At oral argument, the city's attorney responded as follows when
asked whether there was standing to challenge the civil disability
provisions: "I believe that there are one or two of the Petitioners
that have had their licenses denied based on criminal conviction."
Tr. of Oral Arg. 32.
See also Foster Affidavit, 1
(affidavit filed by the city in its Response to Petitioner's
Application for Recall and Stay of the Mandate stating that two
licenses were
revoked on the grounds of a prior conviction
since the ordinance went into effect, but failing to identify the
licensees). We do not rely on the city's representations at
argument, as "the necessary factual predicate may not be gleaned
from the briefs and arguments themselves,"
Bender, supra,
475 U.S. at
475 U. S. 547.
And we may not rely on the city's affidavit, because it is evidence
first introduced to this Court and "is not in the record of the
proceedings below,"
Adickes v. S.H. Kress & Co.,
398 U. S. 144,
398 U. S. 157,
n. 16 (1970). Even if we could take into account the facts as
alleged in the city's affidavit, it fails to identify the
individuals whose licenses were revoked and, therefore, falls short
of establishing that any petitioner before this Court has had a
license revoked under the civil disability provisions.
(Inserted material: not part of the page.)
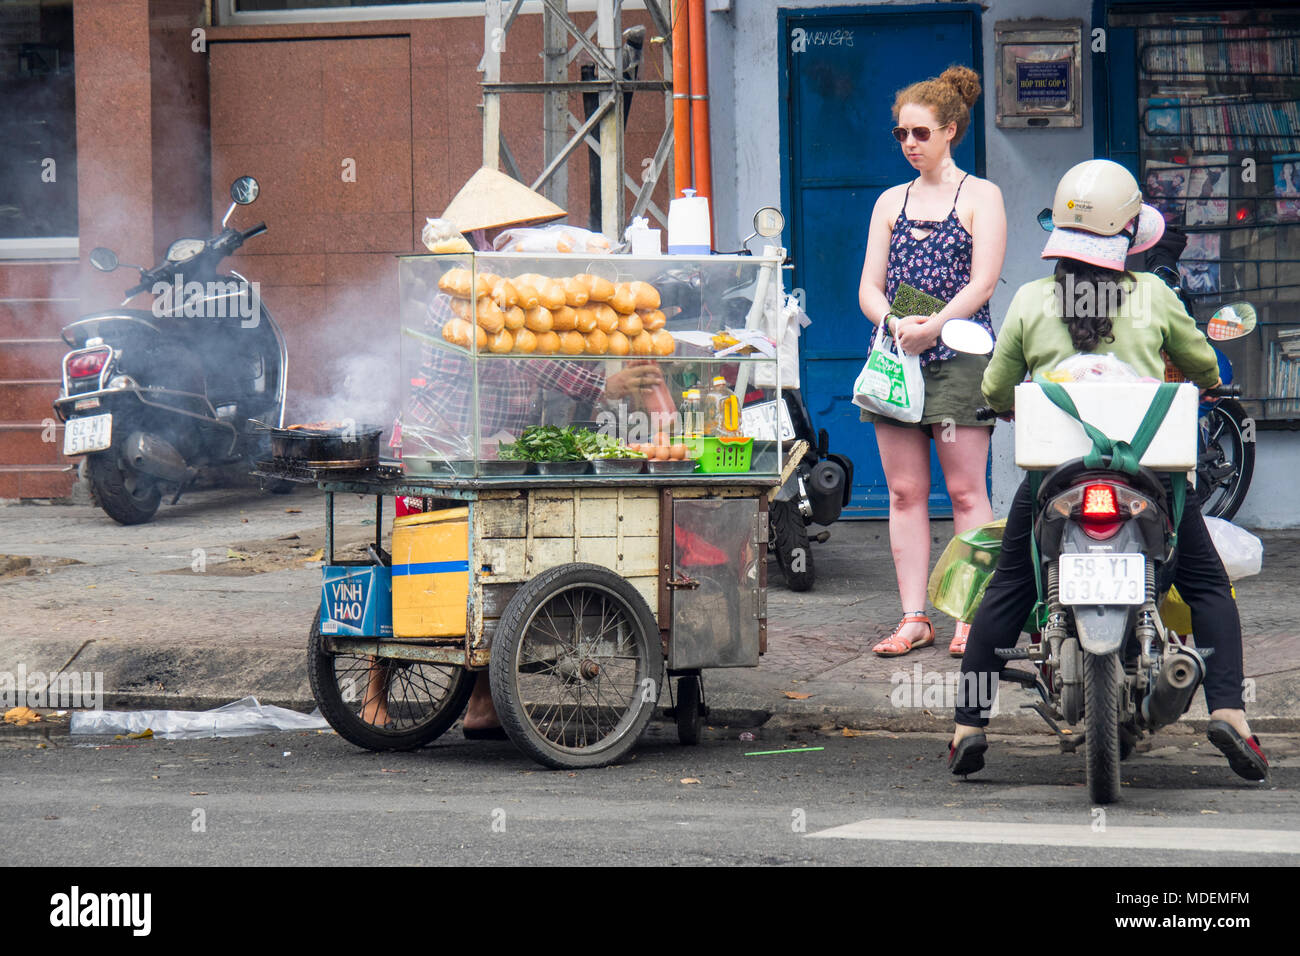 A tourist buying banh mi from a street vendor in Ho Chi MInh City, Vietnam. Stock Photo

Because we conclude that no petitioner has shown standing to
challenge either the civil disability provisions or the provisions
involving those who live with individuals whose licenses have been
denied or revoked, we conclude that the courts below lacked
jurisdiction to adjudicate petitioners' claims with respect to
those provisions. We accordingly vacate the judgment of the Court
of Appeals with respect to those provisions with directions to
dismiss that portion of the action.
See Bender, supra, 475
U.S. at
475 U. S. 549
(vacating judgment below on
Page 493 U. S. 236
ground of lack of standing);
McNutt, 298 U.S. at
298 U. S. 190
(same). [
Footnote 3]
IV
The motel owner petitioners challenge two aspects of the
ordinance's requirement that motels that rent rooms for less than
10 hours are sexually oriented businesses and are, therefore,
regulated under the ordinance.
See § 41A-18(a).
First, they contend that the city had an insufficient factual basis
on which to conclude that rental of motel rooms for less than 10
hours produced adverse impacts. Second, they contend that the
ordinance violates privacy rights, especially the right to intimate
association.
With respect to the first contention, the motel owners assert
that the city has violated the Due Process Clause by failing to
produce adequate support for its supposition that renting rooms for
less than 10 hours results in increased crime or other secondary
effects. They contend that the council had before it only a 1977
study by the city of Los Angeles that considered cursorily the
effect of adult motels on surrounding neighborhoods.
See
Defendant's Motion for Summary Judgment, Vol. 2, Exh. 11. The Court
of Appeals thought it reasonable to believe that shorter rental
time periods indicate that the motels foster prostitution and that
this type of criminal activity is what the ordinance seeks to
suppress.
See 837 F.2d at 1304. Therefore, no more
extensive studies were required than those already available. We
agree with the Court of Appeals that the reasonableness of the
legislative judgment, combined with the Los Angeles study, is
adequate to support the city's determination that motels permitting
room rentals for less than 10 hours should be included within the
licensing scheme.
Page 493 U. S. 237
The motel owners also assert that the 10-hour limitation on the
rental of motel rooms places an unconstitutional burden on the
right to freedom of association recognized in
Roberts v. United
States Jaycees, 468 U. S. 609,
468 U. S. 618
(1984) ("Bill of Rights . . . must afford the formation and
preservation of certain kinds of highly personal relationships").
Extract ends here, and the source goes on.